Nicholson Center Announces Graduate & Undergraduate Thesis Prize Recipients

The Nicholson Center is delighted to announce the recipients of our annual competitions for outstanding work in British studies and related topics in the BA and MAPH programs. Congratulations to them all!

Nicholson BA Prize (2023)

Awarded for the best BA Thesis on a British Studies Topic

The 2023 recipient is Natalie (Nat) Nitsch, “‘For whom this boke was made’: Evidence for a Lay Readership of Þe Myrrour of Simple Soulis

This thesis exemplifies how study of the material text stands to generate rich historical insights. Nitsch’s meticulous analysis of a late-medieval English manuscript adds to our knowledge of heresy in the later Middle Ages and the textual relations of English monastics, clerics, and laity. The author impressively combines primary and secondary sources to support her claims, moving by reasoned inferences from the physical manuscript to its broader spiritual and social implications. Judicious, with an impressive reach.

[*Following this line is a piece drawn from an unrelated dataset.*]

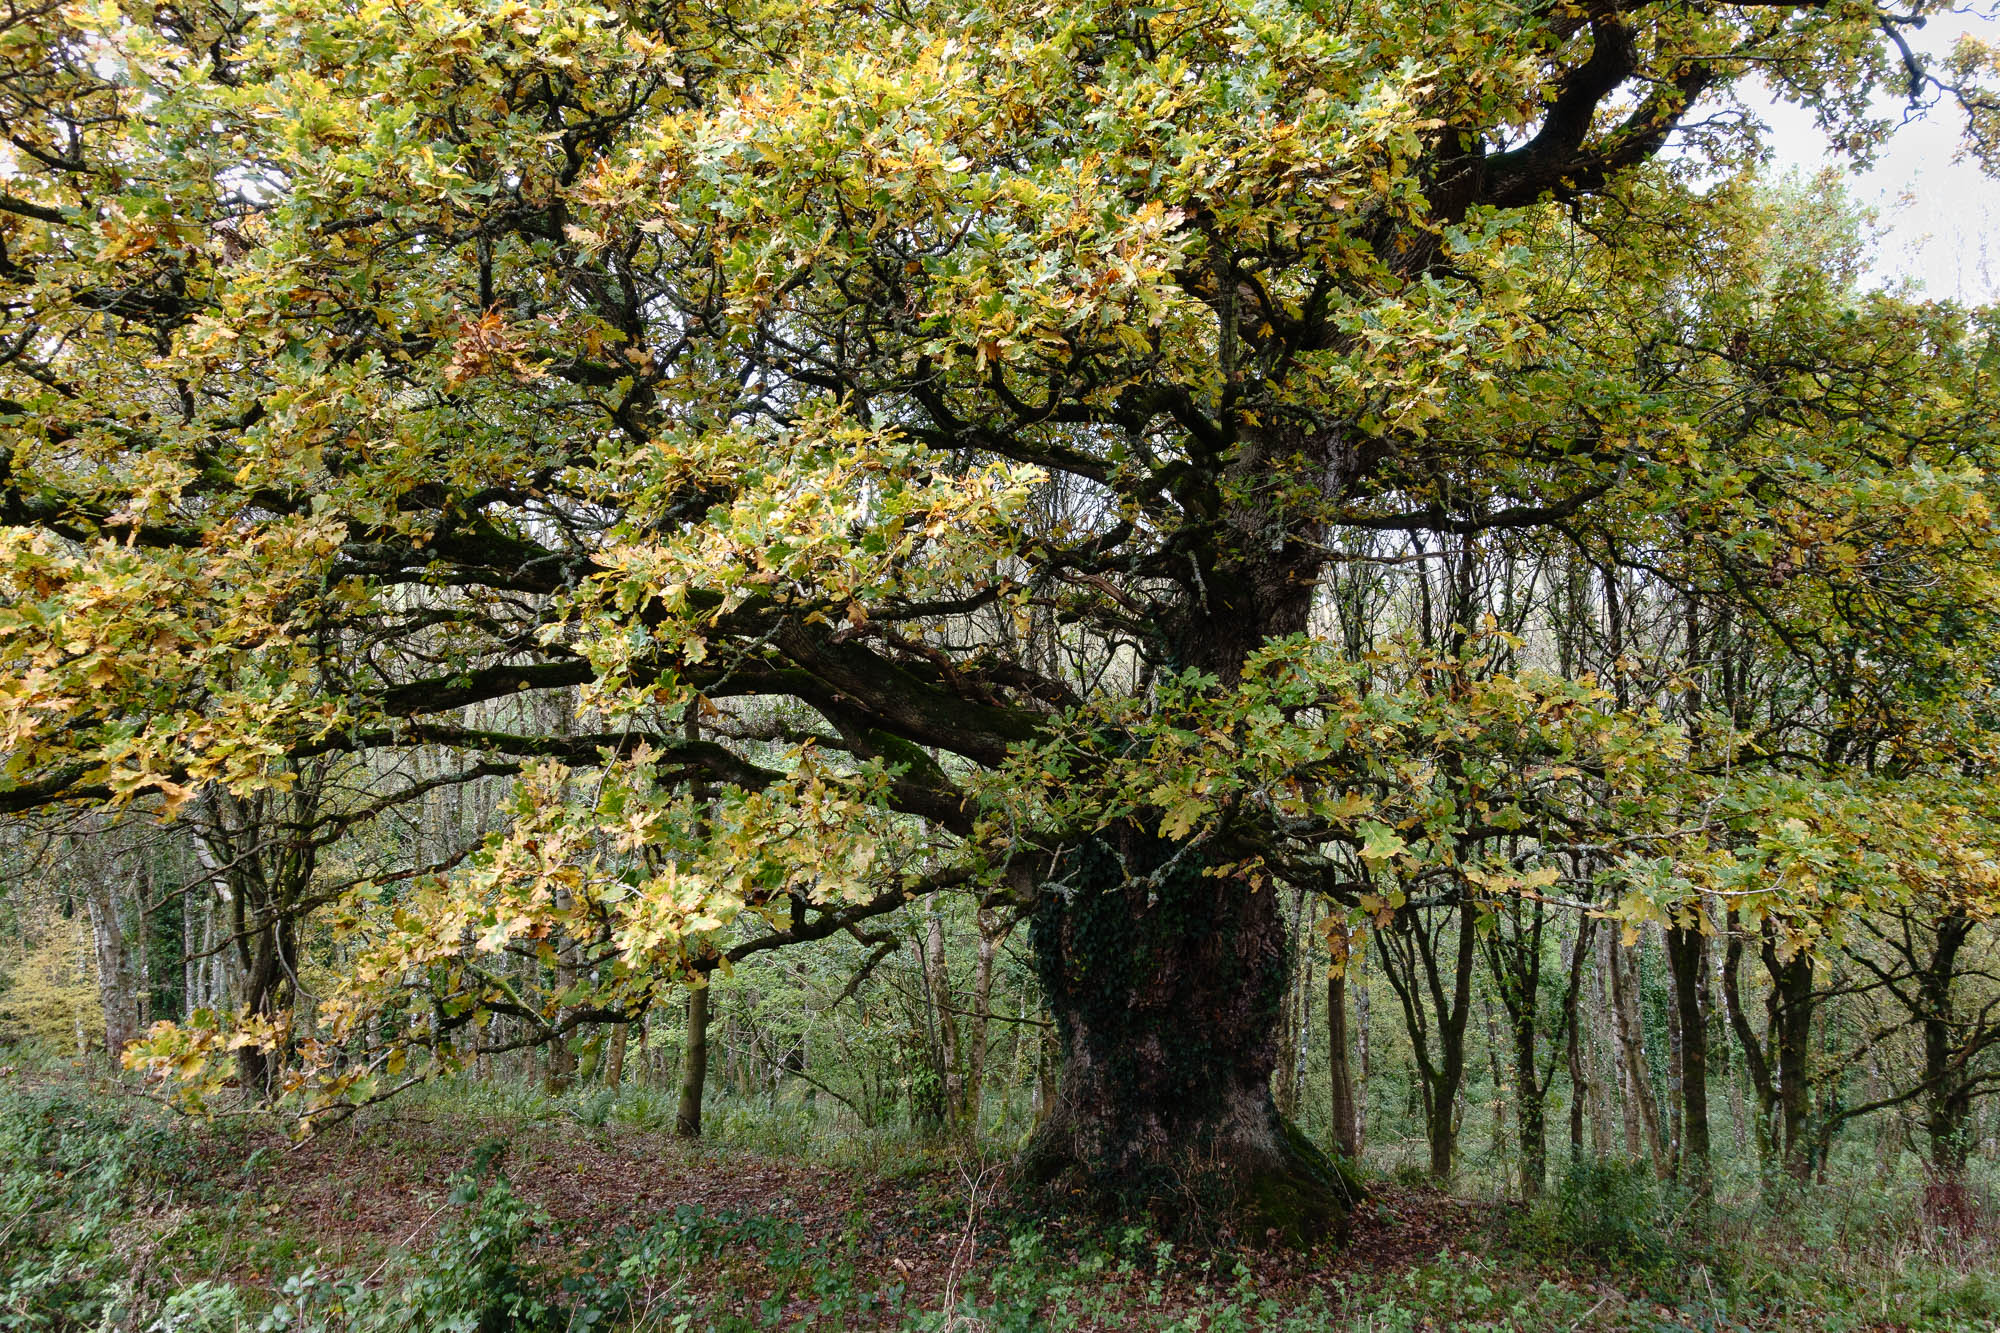 One of many fine oak trees

Natalie is a triple major in Classics, Religious Studies and Medieval Studies.

 

Nicholson-MAPH Thesis Prize (2023)

Awarded for the best MAPH Thesis on a British Studies Topic

WE HAVE JOINT WINNERS for the 2023 Nicholson-MAPH Thesis Prize!

Elisha Hamlin, “Cruel, Irreligious Piety”: Eucharistic Tropes and Witnessing Whiteness In Shakespeare’s Titus Andronicus

This thesis is striking for the way in which it takes something familiar – Shakespeare’s Titus and Andronicus – and shows it in a new light. Hamlin brings together the history of race and racialization with that of religious iconography, to show how the play’s remediation of images of sacrifice and ritual both instantiate and interrogate contemporary racial ideas. Particularly noteworthy is its identification of a distinctive literary archive to inform its analysis: the medieval mystery cycle plays, including both their ways of imagining the Eucharist, and their ways of imagining racial and religious difference. We congratulate Hamlin for the ambition and sophistication of this outstanding thesis.

Jenna Novosel, “Doctor and Disciple: Heterodoxic Science and Epistemological Optimism in Arthur Machen’s The Great God Pan (1894)”

This superbly researched and well-argued thesis takes on the intriguing genre of the gothic tale in late 19th-century British literature, focusing on Arthur Machen’s “weird” fiction, The Great God Pan. The thesis is original for its development of a concept of “epistemological optimism”, which it persuasively identifies at work in Machen’s tale. Novosel’s thesis goes a long way to explaining the extraordinary popularity of a genre that otherwise seems so pessimistic and strange. Her writing is impressively crisp, engaging, and terminologically exact. This is an outstanding thesis that makes a genuine contribution to scholarship of the British fin-de-siècle.